There was a glare of suitable vulgarity in the upsidedown photograph. It was not the beastly eye, weighing one’s appearance; it was not the assayer’s eye, weighing one’s worth, nor even the trading eye, weighing one’s purse. It was simply the worldly eye, weighing position . Isabeau of Fawx’s Mt.! Darconville found that her presence, even in memory, far exceeded his need of her and saw now only a worthless, self-perpetuating piece of fatback — vile, ambitendentious, thirty pounds overweight — who did nothing but in relation to herself and never gazed at a man if a looking-glass were handy, a functor with the heart of a dotbox, a face like an excuse, and a soul as insubstantial as a whiffle-ball. The remorse he felt! It was not only that he had pursued fancy. It was far worse. It was, he reflected, less to have loved someone with a cast of head as apt and artful as the dexterous cast of a trout-rod and legs blown to a size of almost advanced elephantiasis — a condition, making her body so disparate, it seemed to argue the possibility of a bisectional physique whose parts actually moved on separate axes — than actually to have forsaken reason itself! By what incredible fallacy of accident, he wondered, had he ever come to love her? But his interest in the question faded as soon as it was raised, and, putting on his coat, he went out to Harvard Sq. to try to find a wide brass dish.
* * * * *
Friday . There bore so little resemblance in his investigation to what Darconville once loved, however, that a wide and ready interest in the deeper mysteries of his subject sent him to the library where he spent the morning poring over volumes of mystic science and divination, trying, like a sorcerer, to cast precognitive facts out of her bulk and shadow and birthdate.

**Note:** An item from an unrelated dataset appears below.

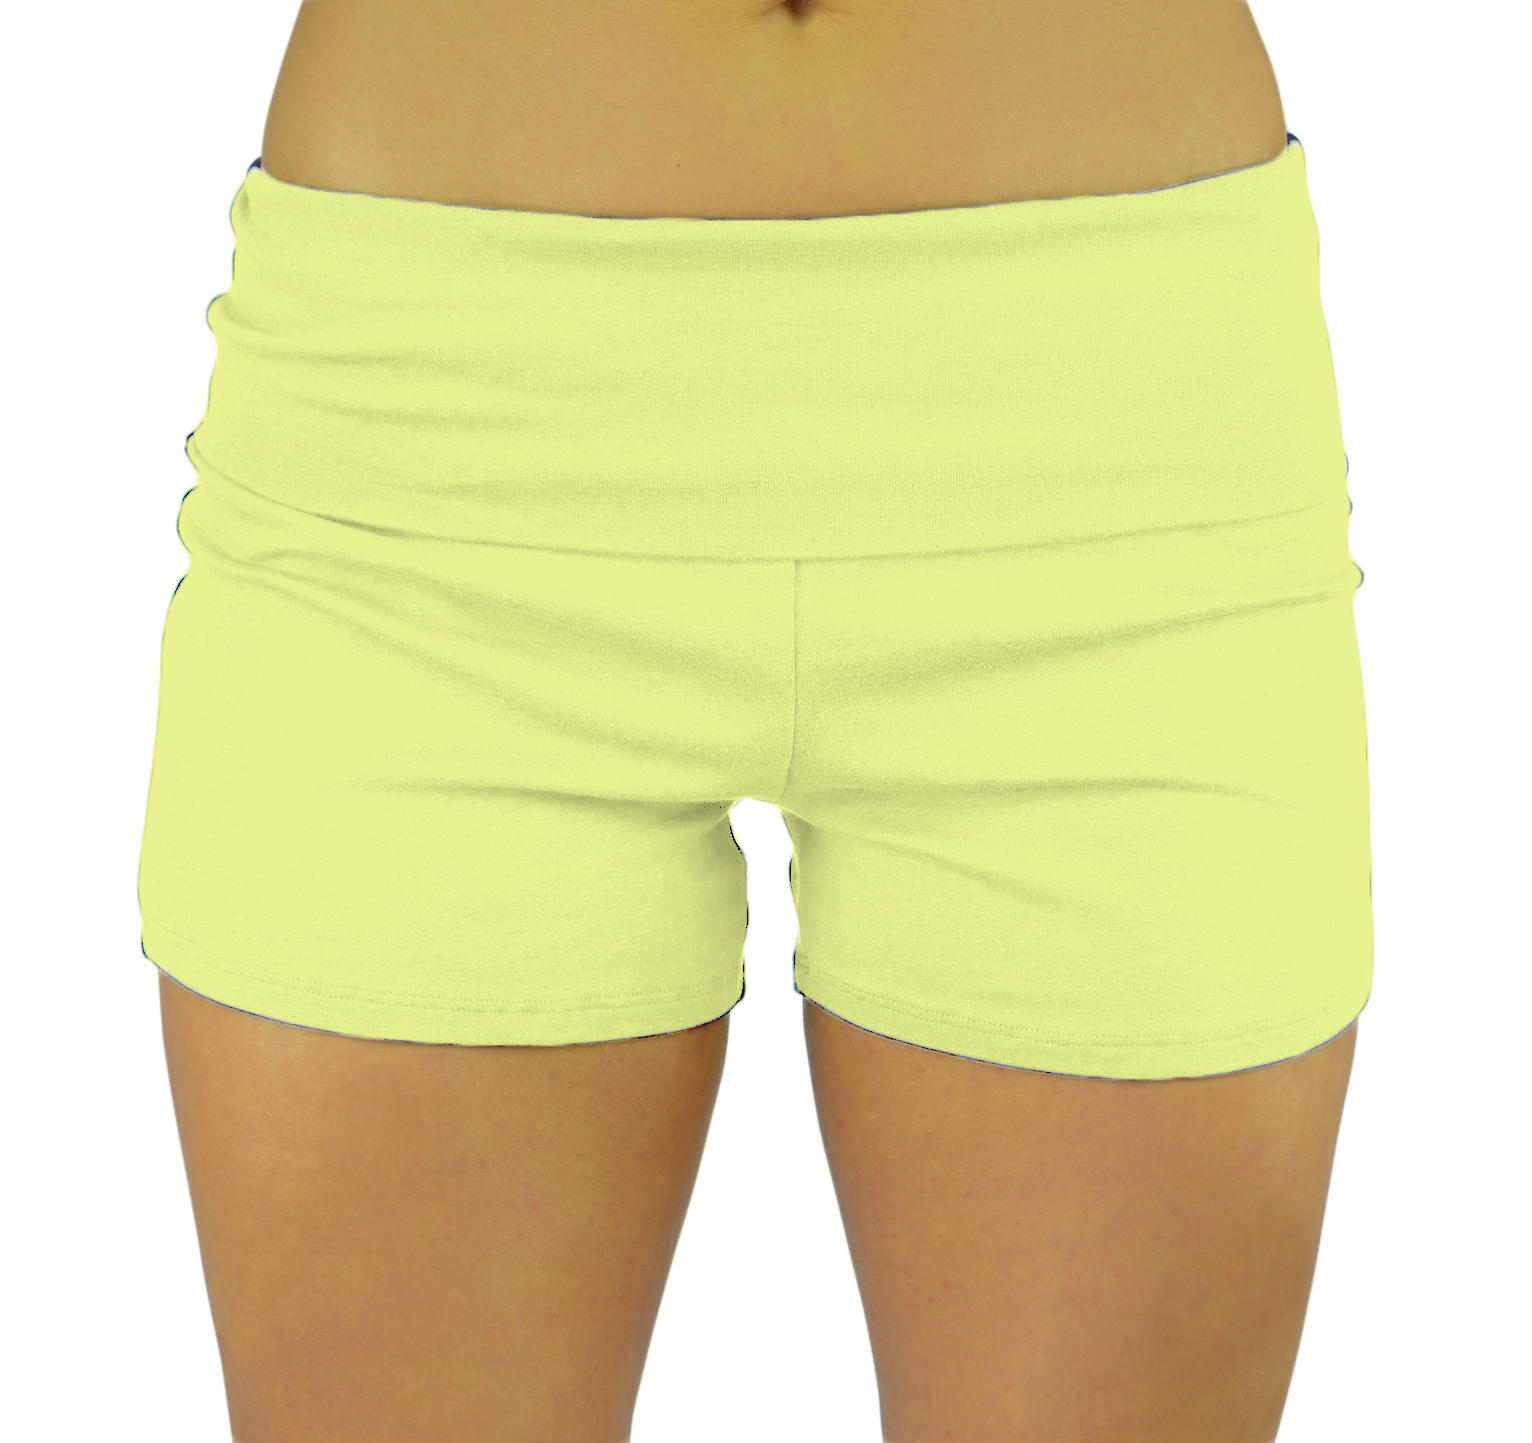 Belle Donne Womens Cotton Yoga Shorts - Foldover Cotton Spandex Girls Bike Running Boyshorts by Neon Lemon/S

It was a little hell-hole of black magic and goety up there in that carrel in Widener, but students, peering in, drawn by all the mewing and muttering, so disturbed Darconville that he returned with an armful of selected books to study them in his room and to scrutinize as many as there were of her and all of her as many as there were. He stopped in a stationery store on his way back to buy two candles.